ARTICLE 27: LIS PENDENS
I do not need to consider this Article, because Mr Horton accepts that the husband’s proceedings in Poland do not constitute the same cause of action as the wife’s TOLATA proceedings in this jurisdiction.
ARTICLE 28: RELATED ACTIONS
By Article 28:
“1. Where related actions are pending in the courts of different Member States, any court other than the court first seized may stay its proceedings.
2 . For the purposes of this Article, actions are deemed to be related where they are so closely connected that it is expedient to hear and determine them together to avoid the risk of irreconcilable judgments resulting from separate proceedings”.

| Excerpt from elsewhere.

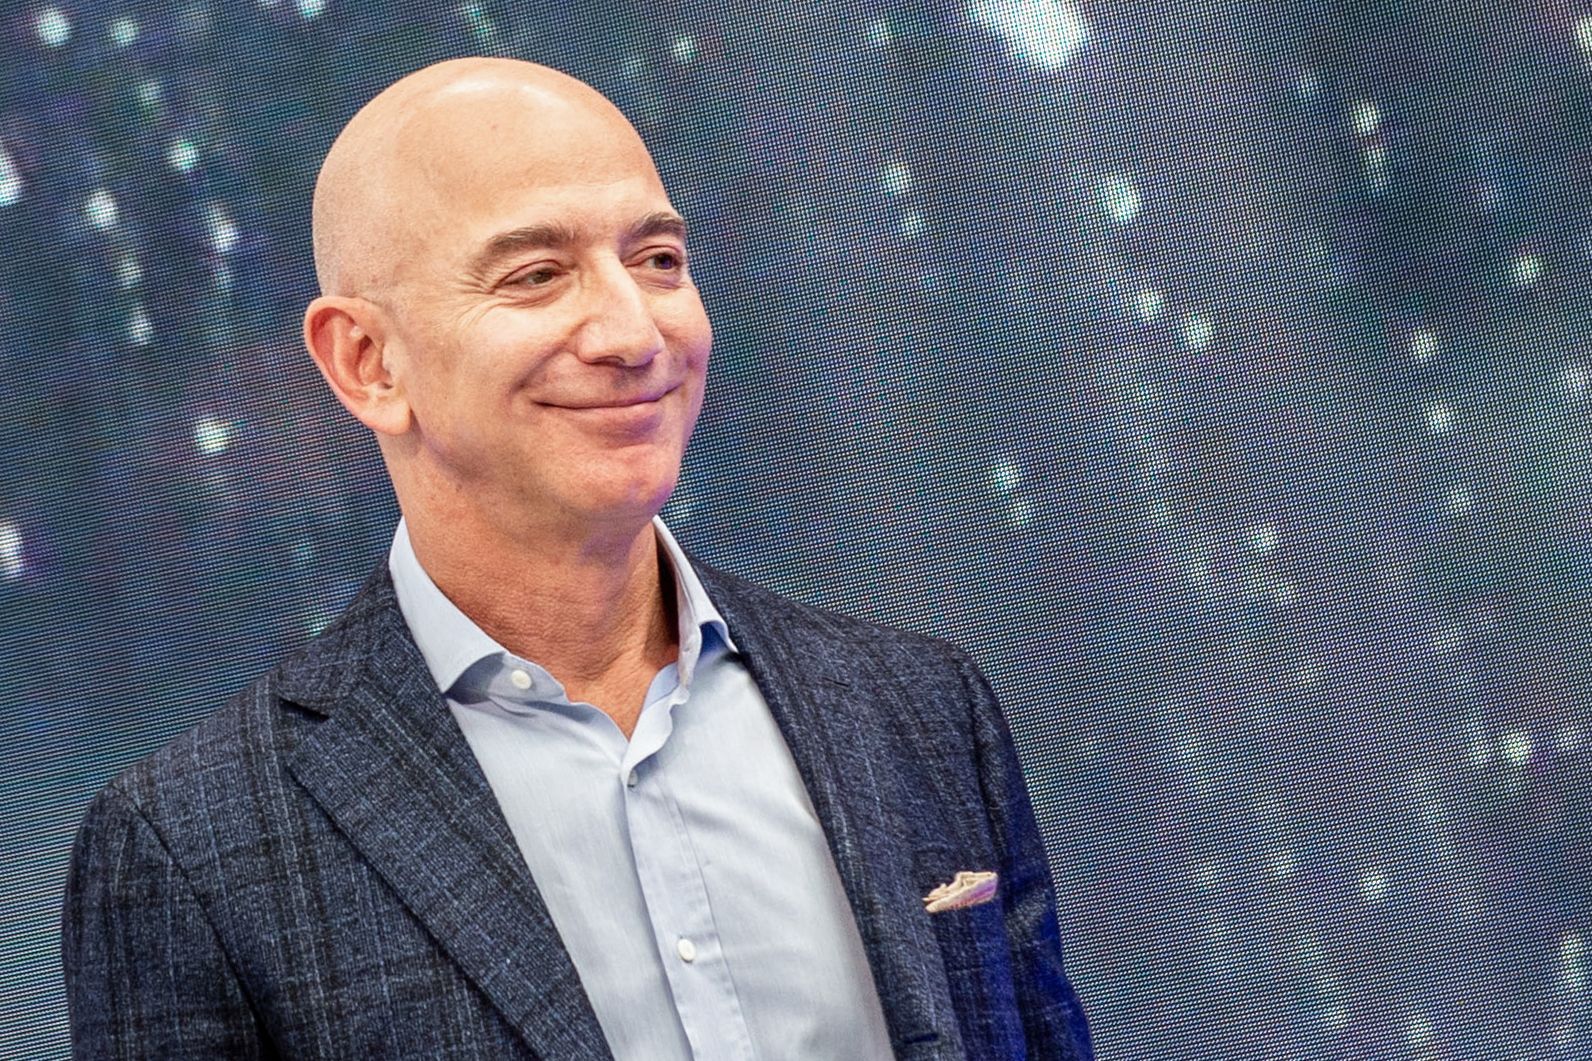 Miliardarul Jeff Bezos a vândut acţiuni Amazon în valoare de 4 miliarde de dolari în ultima săptămână

If this Article applies, then the court has a discretion to stay its proceedings unless it is the court first seized. Before stating my conclusion in respect of this Article I need to mention (a) the Polish expert evidence now before me and (b) the stated approach of the Polish court itself to the proceedings before it.
The Polish expert evidence.
The two Polish experts have produced a joint report and have answered questions from both sides. They say “… [the London house] …is not subject to the proceedings in respect of the division of the joint estate and dissolution of co-ownership before the Polish court”. They continue that, whilst the Polish court can rule that there be unequal (or equal) shares of the entirety of the joint estate, it is “….not admissible to apply this rule as the legal basis for ascertainment of the spouses’ unequal shares only in certain parts of this joint estate”. Therefore, “… the consequences of the decision resolving the case are going to affect the ownership of the property situated in Poland and moveable items. However, they are not going to extend to the ownership of the property situated in London (and in France) since this falls outside the scope of the application for the division of joint estate. As a result, the Polish court is not going to adjudicate in respect of the division of co-ownership of the property located in London eg by ordering its auction sale”. [Emphasis added]. This is stated to be notwithstanding that the ability of the Polish court to fix the shares (equal or unequal) of the entire joint estate includes the London house. In other words, as it seems to me, the Polish court will not look at individual assets within the joint estate, although it will look at the joint estate in the round, including the London house. Last the experts’ report states that “…at the date of initiation of the proceedings before the London court, the case was not yet pending (lis pendens) before the Polish court, as the condition of pendency is contingent on the service on the other party to the proceedings [the wife]”.
The approach of the Polish court as stated by the Polish court itself.
The decision of the Polish court on which that latter opinion of the joint experts was based was that of the Regional court dated 8 December 2014 (above). That court held as follows:
“As far as the first hearing in the proceedings for the division of joint estate in respect of the real property located in London, initiated by the [wife’s TOLATA] application of 25 April 2014 is concerned, this was held on 9 June 2014 [by DJ Aikens] which date also preceded the day when the dispute in the case VI 657/14 [in Poland] became pending. A copy of the [husband’s] application in the present case has not so far been served on the participant [wife]”.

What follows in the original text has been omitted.